Net Value: A question of time

TheEdge Weekly, Tuesday, April 12, 2005


The Edge roundtable on The State of the Local Software Industry had its birth at a place we suspect many great Malaysian ideas have been hatched — the mamak stall. And so it was that over teh tarik one evening, some entrepreneurs and journalists gathered to shoot the breeze. From talking about the cavalier manner in which Selangor state leaders spend taxpayers' funds, the conversation turned to the frustrations of local software entrepreneurs in trying to penetrate the market here and musings over what ails the industry. Could it be that our software entrepreneurs are just not good enough?
And so, you have our roundtable with panellists Butt Wai Choon, MD of Microsoft Malaysia; Chee Chong Hwa, CEO of Karensoft; Dinesh Nair, CEO of Qubeconnect Sdn Bhd and a leader of the open source movement in Malaysia; Brian Fernandez, vice-president of the Technopreneur Association of Malaysia, and Dr Ewe Hong Tat, Dean, IT Faculty of Multi Media University in Cyberjaya. netv@lue2.0 editor Karamjit Singh was the moderator.

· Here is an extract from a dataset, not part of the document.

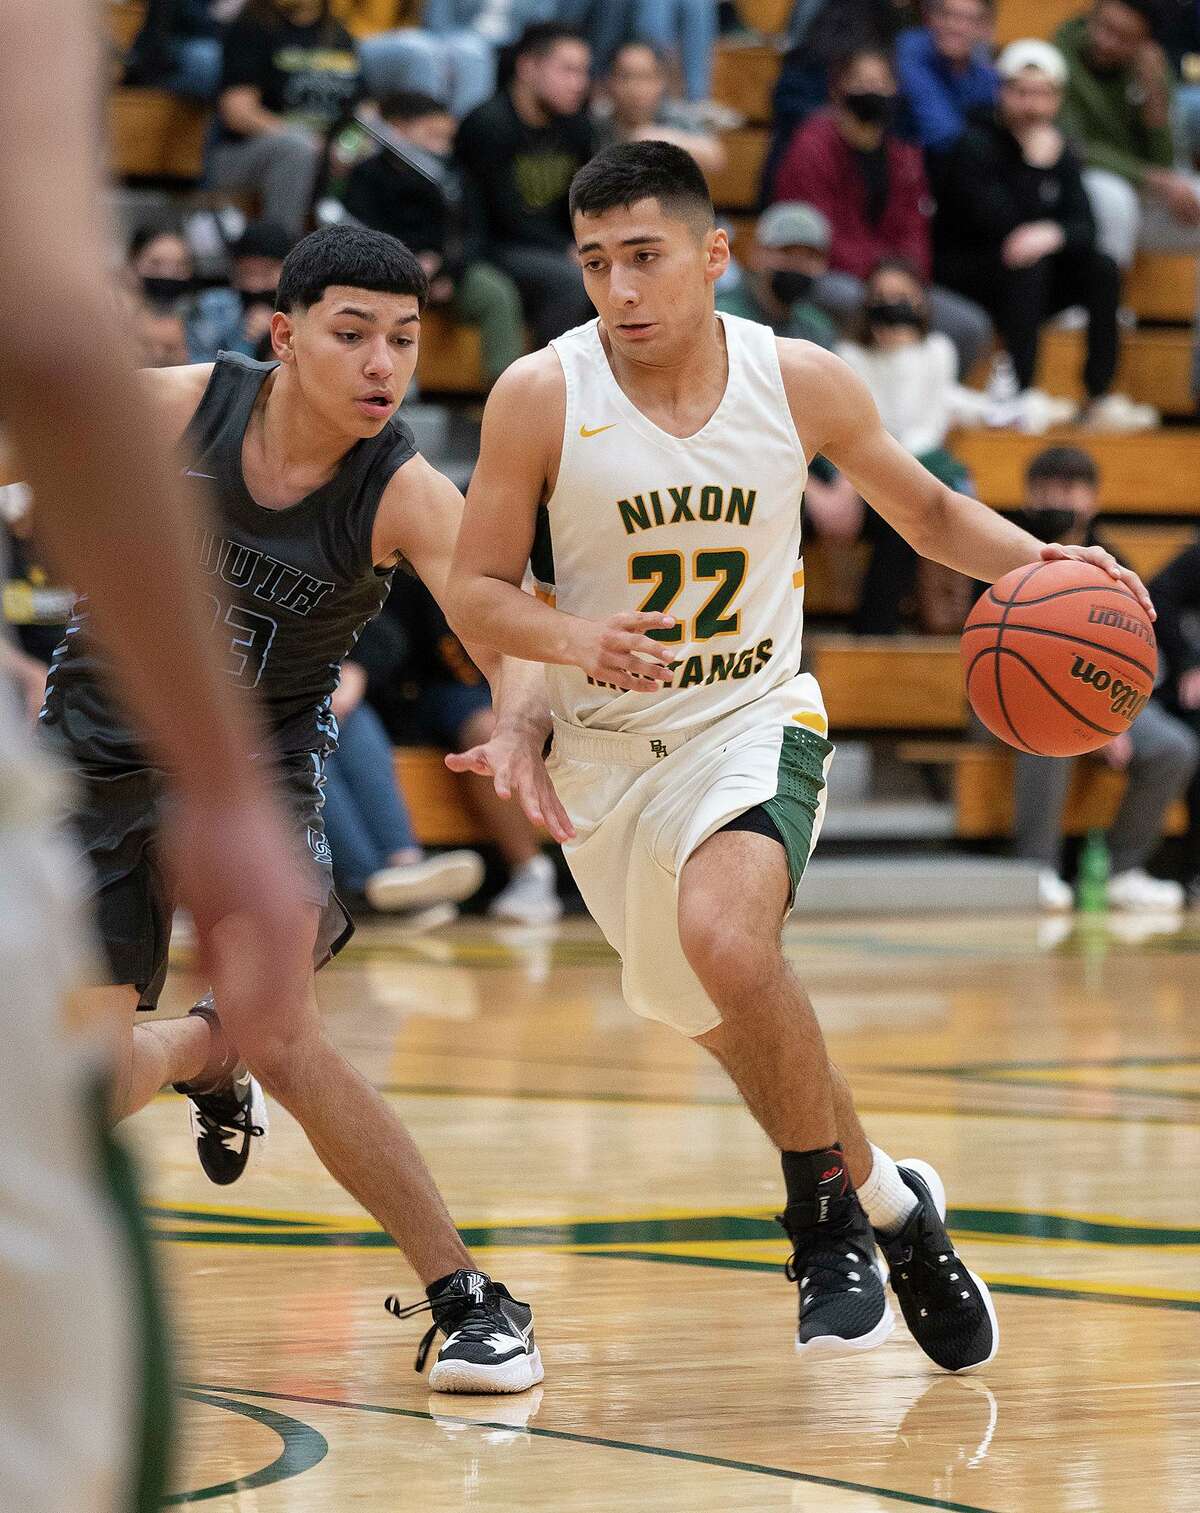 Nixon High School’s Adrien Medellin moves the ball down the court during a game against United South High School. Medellin finished with 23 points in the Mustang’s win over LBJ on Wednesday. Twelve of his points came from the free-throw line.

Karamjit: Why is it that eight years after the Multimedia Super Corridor was established, we still don't have a strongly recognised Asian level software company?

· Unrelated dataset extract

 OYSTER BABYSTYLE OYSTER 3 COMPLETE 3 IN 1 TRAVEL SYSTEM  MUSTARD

Dinesh: The reason is culture. If you study Malaysian history, 600 years ago, from the formation of the Malacca Sultanate, we have been a trading port between east and west. We've mastered the role of being a middleman. That culture and tradition is very hard to break. As a result, a lot of people don't see the need to create. They would rather buy from one side and sell it to the other side.
This mindset in entrepreneurs and industry has caused our current situation. We don't actually build. The other reason the MSC hasn't succeeded in that sense is that it was a brilliant idea but the implementation was less than what we hoped it would be. There was too much emphasis on real estate, form rather than substance. Having said that, there are a couple of gems from the MSC but nowhere near what we hoped to get.

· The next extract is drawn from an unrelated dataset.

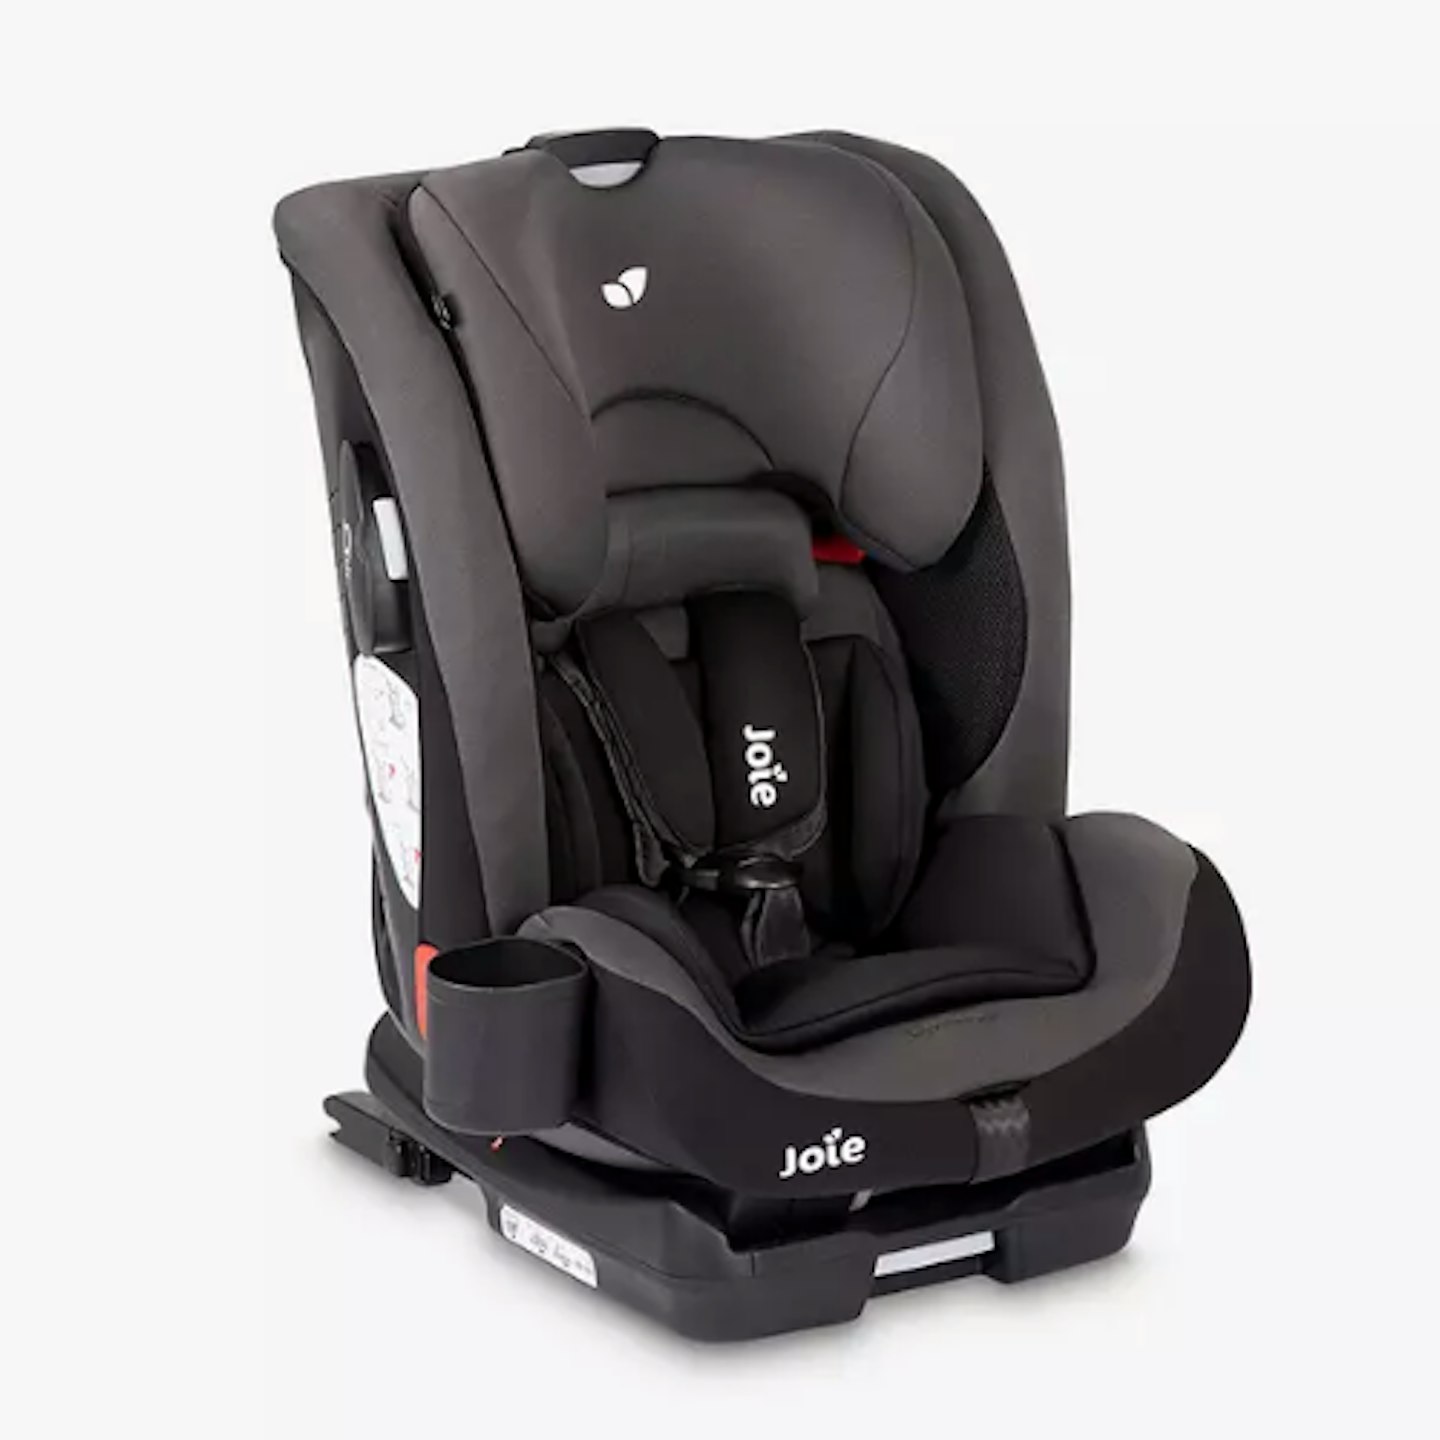 best car seats for 3 year olds - Joie Bold Group 1/2/3 Car Seat

Dr Ewe: There are Malaysian companies that are trying their best to come out and conquer the world market. We must also remember that we have a history in manufacturing and have people who have helped to shape the technology itself, for example, engineers in Intel Penang. I believe given enough time and exposure, and given this MSC initiative, in the long term, there is a bright future for Malaysian software companies.
Chee: What do you mean by strongly recognised? MDC has used KarenSoft as justification for success. So there is some recognition there. And I also take issue with Dinesh when he says we don't produce anything.
People look at India and Philippines as software powerhouses, but what products have they produced? Phillipines, I have been there. With all due respect, they are just bodyshops. At KarenSoft we actually build products. So I differ with you on that.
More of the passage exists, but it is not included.